On Tuesday, the Southlake, Texas-company reported its second-quarter earnings, which echoed first-quarter earnings in that the company appears to be heading in the right direction after a period of sluggish growth.
Revenue rose 9 percent to $984 million. Sabre earned net income of $92 million compared with a quarterly loss of $6 million a year earlier.
On July 23, Doug Barnett became the company’s chief financial officer and executive vice president, as the past chief financial officer, Rick Simonson, stepped aside. The move represented the latest C-suite change since Sean Menke took the CEO job 18 months ago. Earlier in the month, Sabre made other technology leadership hires and blended its distribution network and airline units under new regime.
Expedia and Booking.com Play Roles
Distribution is Sabre’s largest segment. The unit saw revenue rise 13.2 percent to $720 million, year-over-year. Menke said the growth was broad-based across North America, Europe, and Asia-Pacific.
One of Sabre’s largest customers in North America is Expedia, which saw air booking volumes rise 6 percent in the second-quarter, and this flowed through to Sabre in the form of fees. In Europe, Sabre won some more travel management company contracts.
Worldwide, Sabre claimed that it gained about a percentage of market share against its distribution technology rivals Amadeus and Travelport, bringing it to 37 percent. The other companies calculate share in divergent ways.

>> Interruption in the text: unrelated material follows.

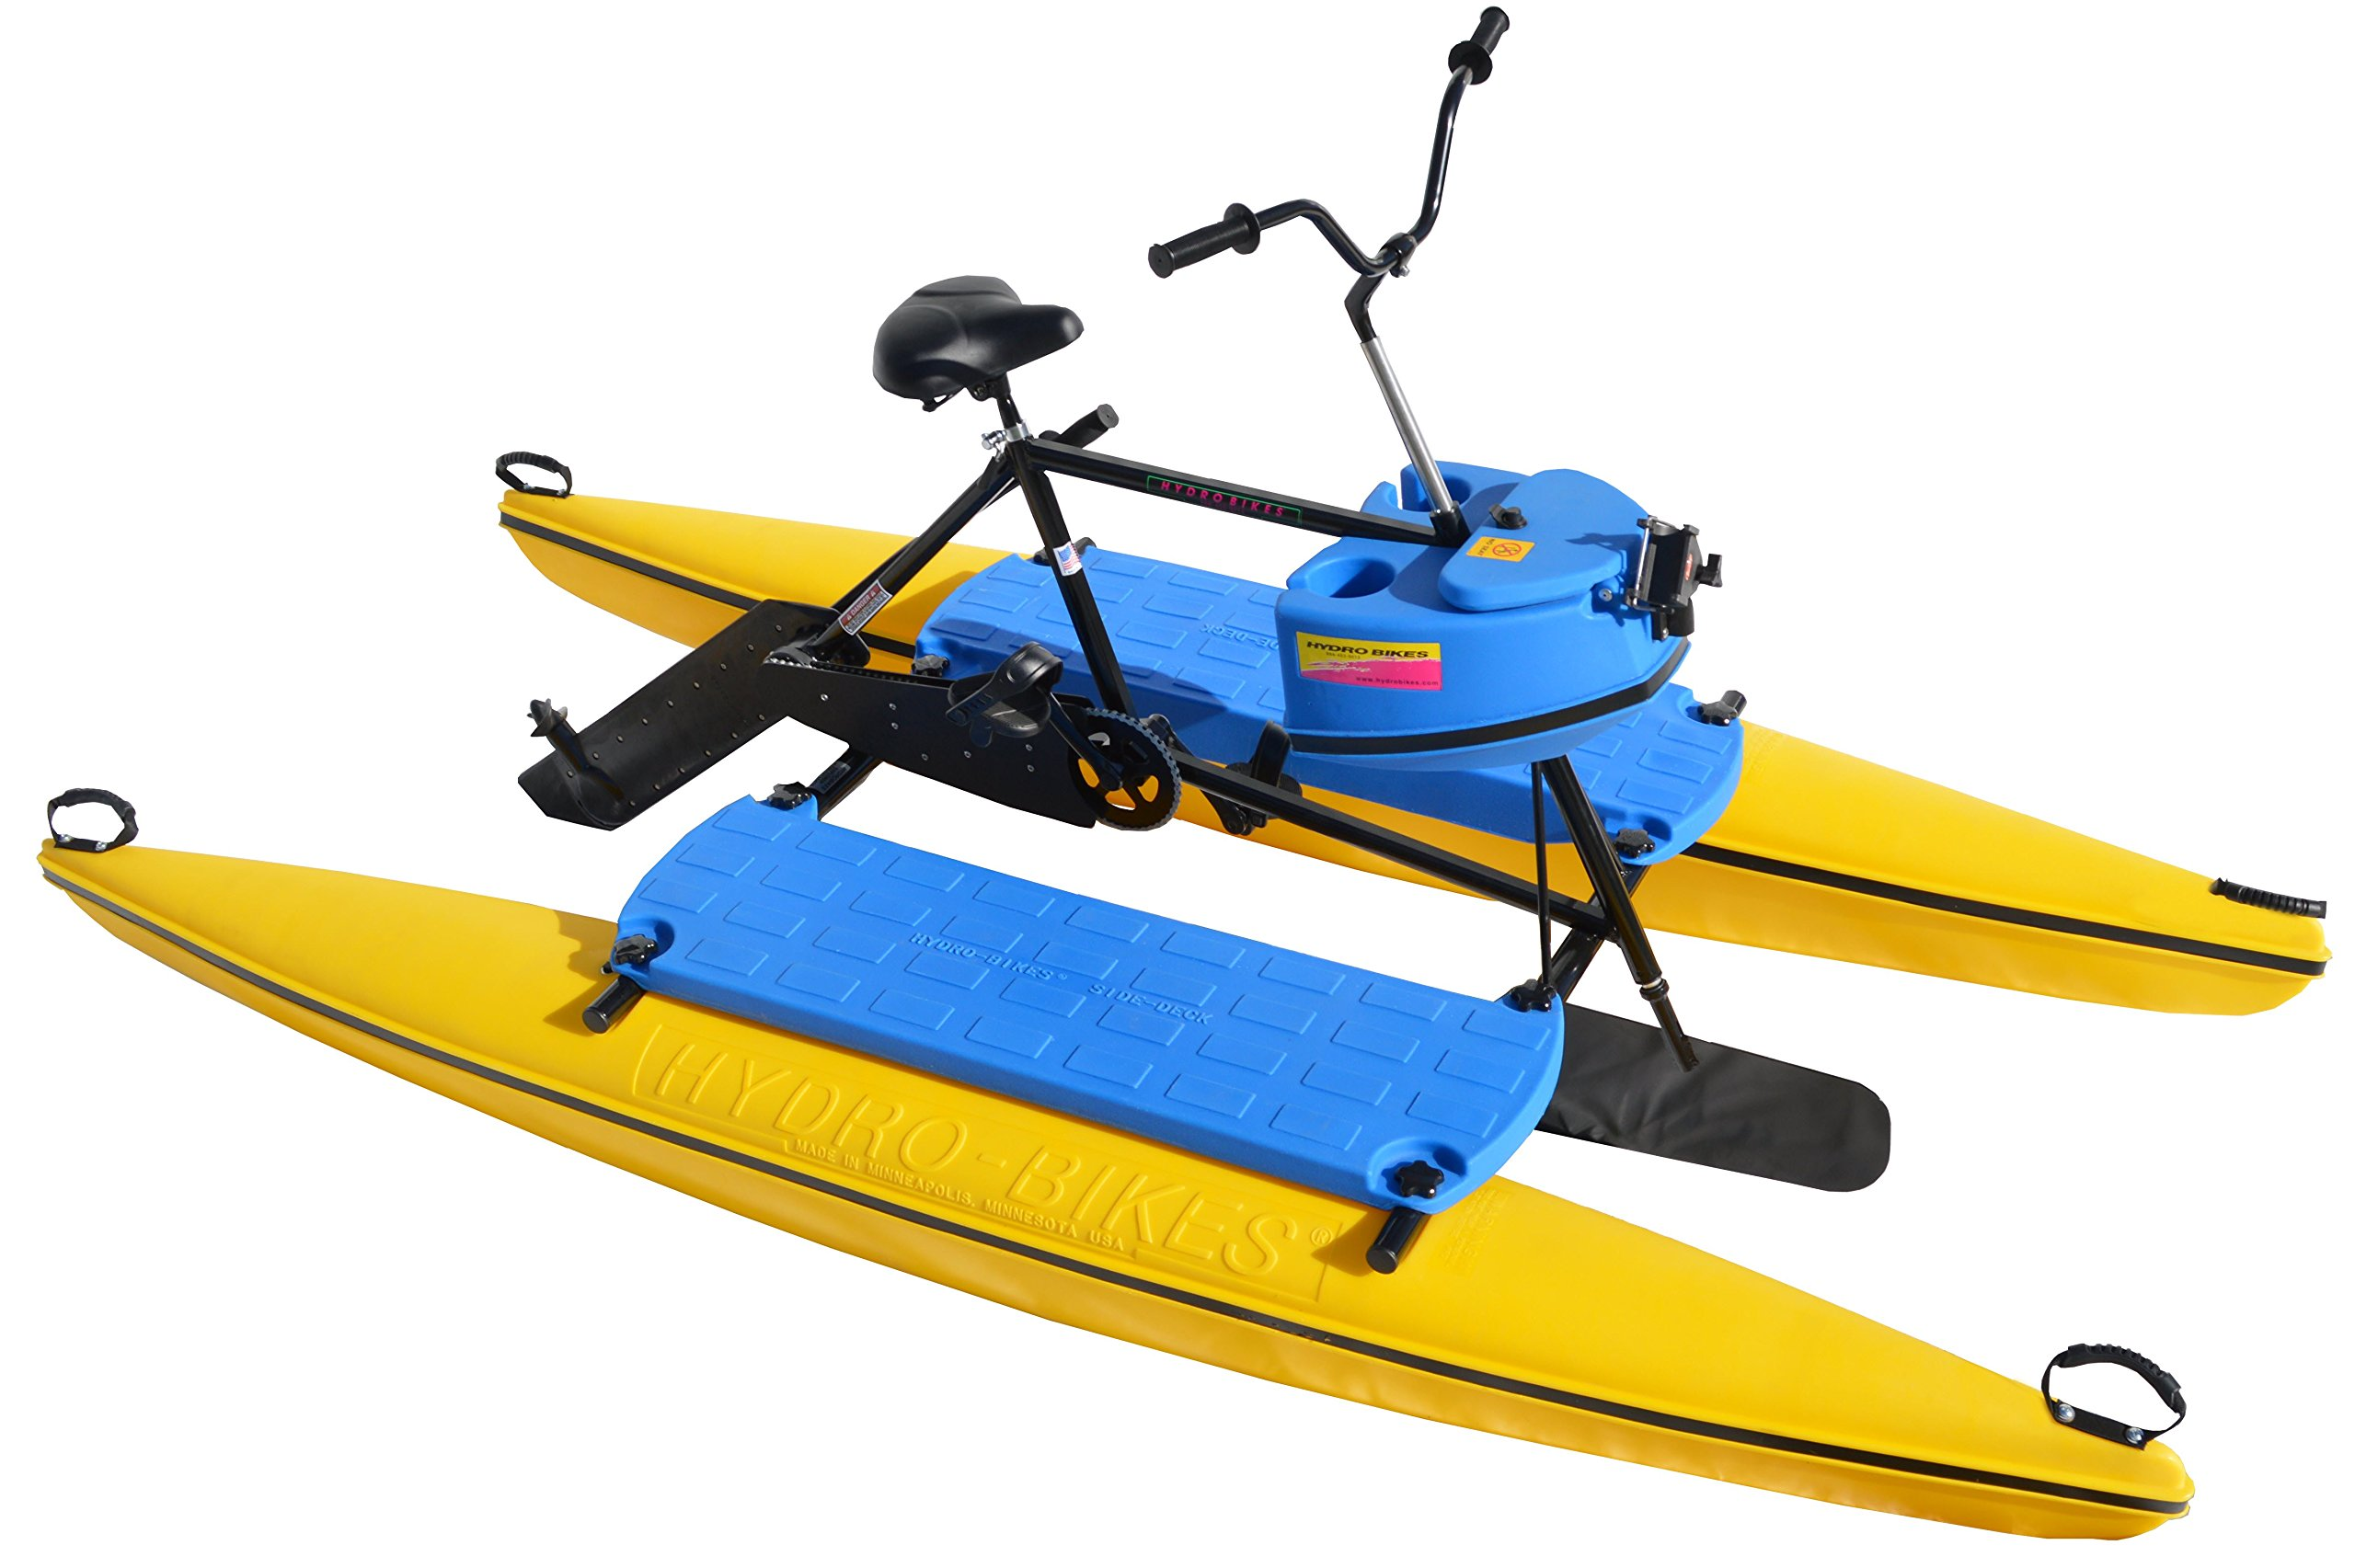 Hydrobike Explorer by Hydrobikes

In one initiative, Sabre will be the first of the distribution tech giants to give its travel agencies access to all of Booking.com’s listings, including for alternative accommodation, later this year. Sabre hopes to add inventory from other suppliers, such as European bedbanks, too.

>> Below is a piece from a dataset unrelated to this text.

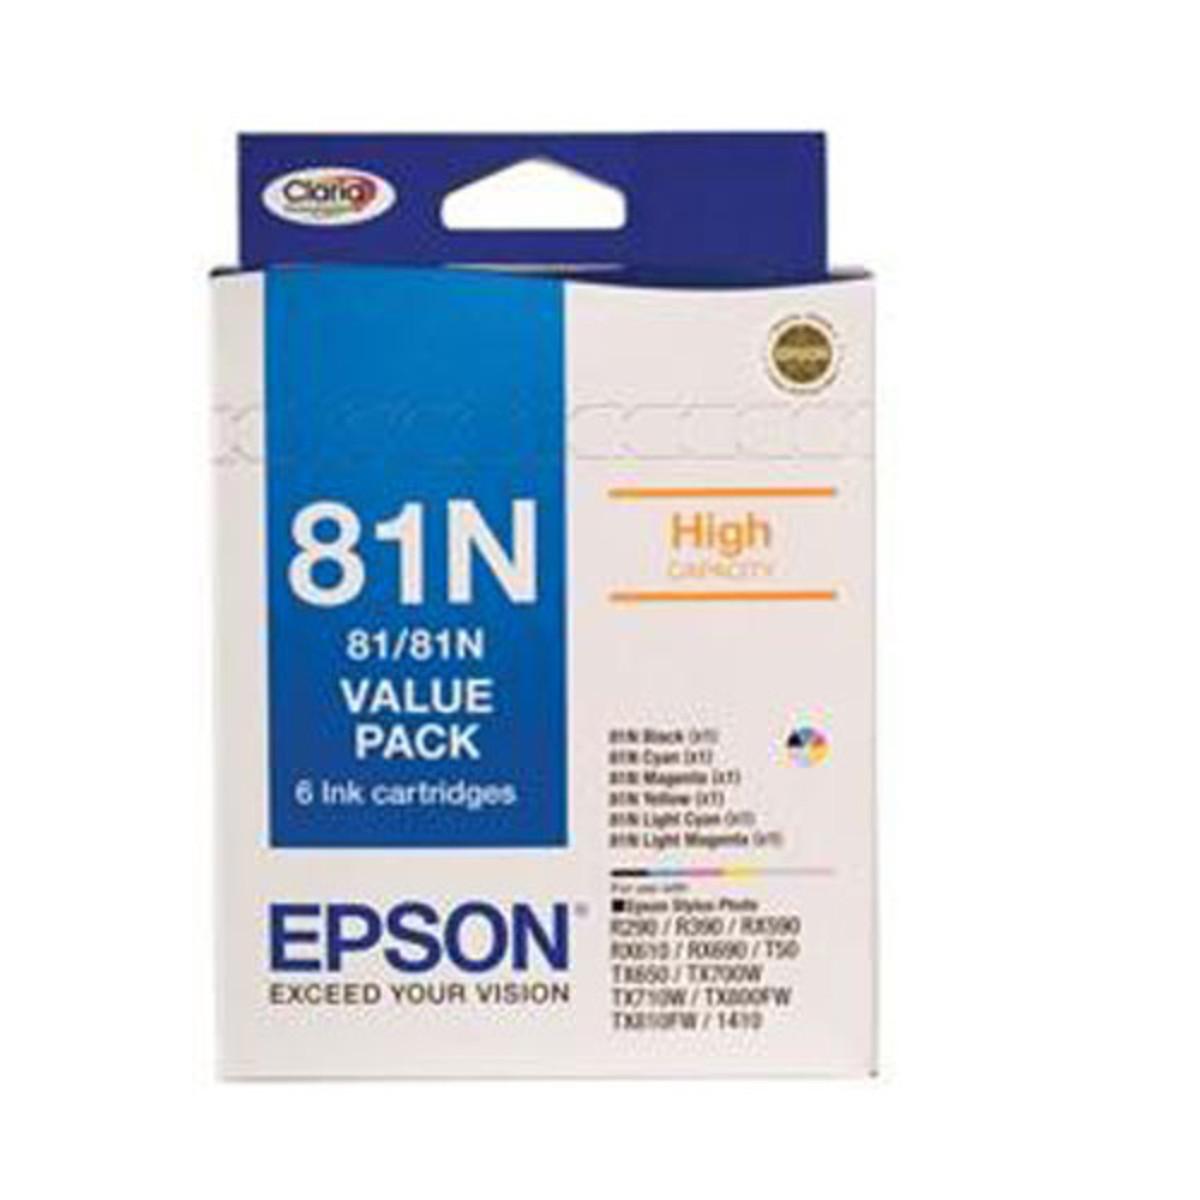 Epson 81N Colour Ink Cartridges - Bundle Pack

On a call with investors on Tuesday, Menke said, “Given the number of negotiated rates out there, a property may have several rates available [on any given date] and it can be a challenge [for agents] to get a holistic view of all the content out there.”
Menke said the new feature should give agents a fuller sense of what’s available, especially in alternative lodging, which is of increasing interest to corporate travelers.
In Asia Pacific, Sabre saw bookings grow 23.5 percent in the quarter, most of which was thanks to it signing major Australia-based travel agency Flight Centre — a contract stolen away from rival Travelport.
Sabre said it ceased being a distribution provider for an online travel agency in Latin America — executives wouldn’t say, but Despegar is a likely candidate — and in India — Travelport recently announced it is the main distribution provider to the largest in-market agency, MakeMyTrip.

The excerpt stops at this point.